Fearnley Securities said it viewed the Opec+ move as unsurprising and suggested Saudi Arabia, Qatar and Kuwait would roll back their 1.2m bpd voluntary cut made in June.
"Interestingly, the deal also included a claw-back from delegates failing to comply in May and June. The primary laggards are Iraq, Nigeria and Kazakhstan, which thus will have to make extra cuts from July to September...to circa 1.4m bpd," the Norwegian investment bank said.
"Beyond July it is hard to see further cuts beyond what is already agreed. Therefore, we continue to expect the tanker market being worst hit in June/ July.”
Clarksons Platou assessed average suezmax earnings down 12.4% from last Friday at $17,800 per day as of Monday morning and aframax also down 12.4% at $13,300 per day.
But VLCC earnings gained 3.1% to $53,900 per day. Baltic Exchange data showed the July VLCC forward freight agreement for the MEG-China route surged by $10,394 to $44,769 per day on Friday.

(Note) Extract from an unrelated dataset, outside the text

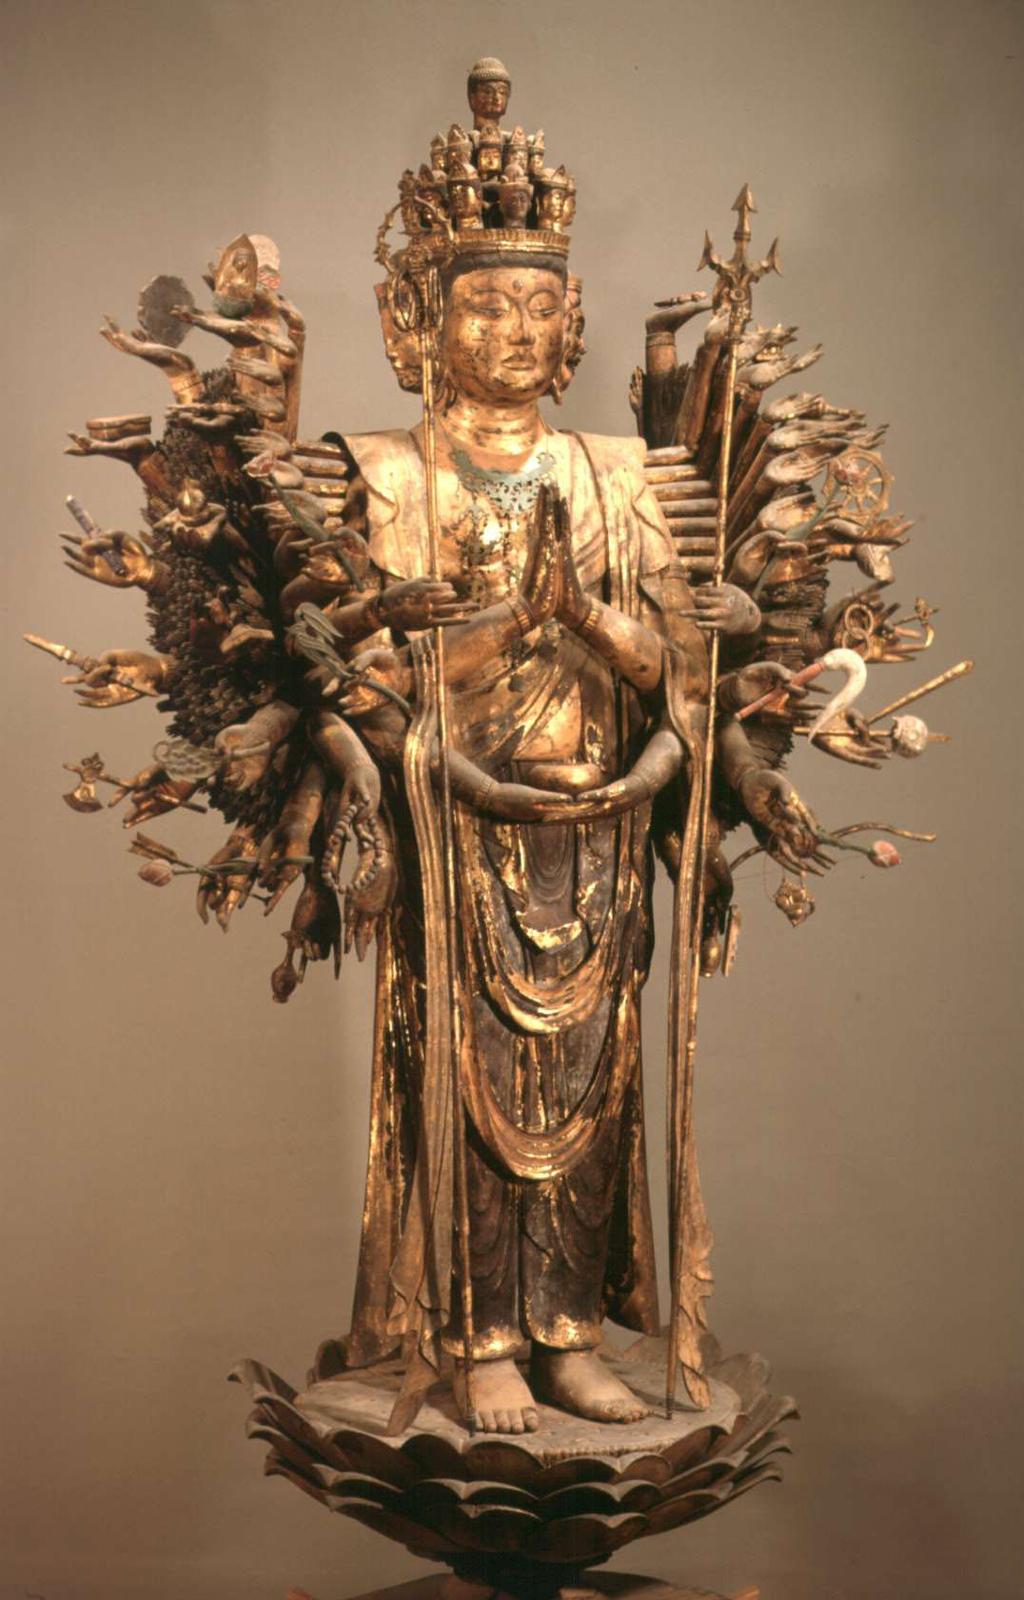 The Bodhisattva Guan-Yin/Kannon is originally

Sentiment was being lifted by potential new US sanctions against Venezuela, which could remove dozens of tankers from international trading, according to brokers.
Washington already sanctioned four vessels for allegedly loading oil from Venezuela between February and April last week. Citing unnamed shipping sources and government officials, Reuters reported the Office of Foreign Assets Control (Ofac) could blacklist another 25 VLCCs and 17 smaller ships for similar reasons.
"This is believed by some to be a shift in policy from the administrator, with oil-for-debt arrangements previously being approved,” Fearnley said.
"Therefore, it is expected that most ship-owners will shy away from the trade going forward. Regardless, should Ofac expand its sanctions this would certainly stir things up again."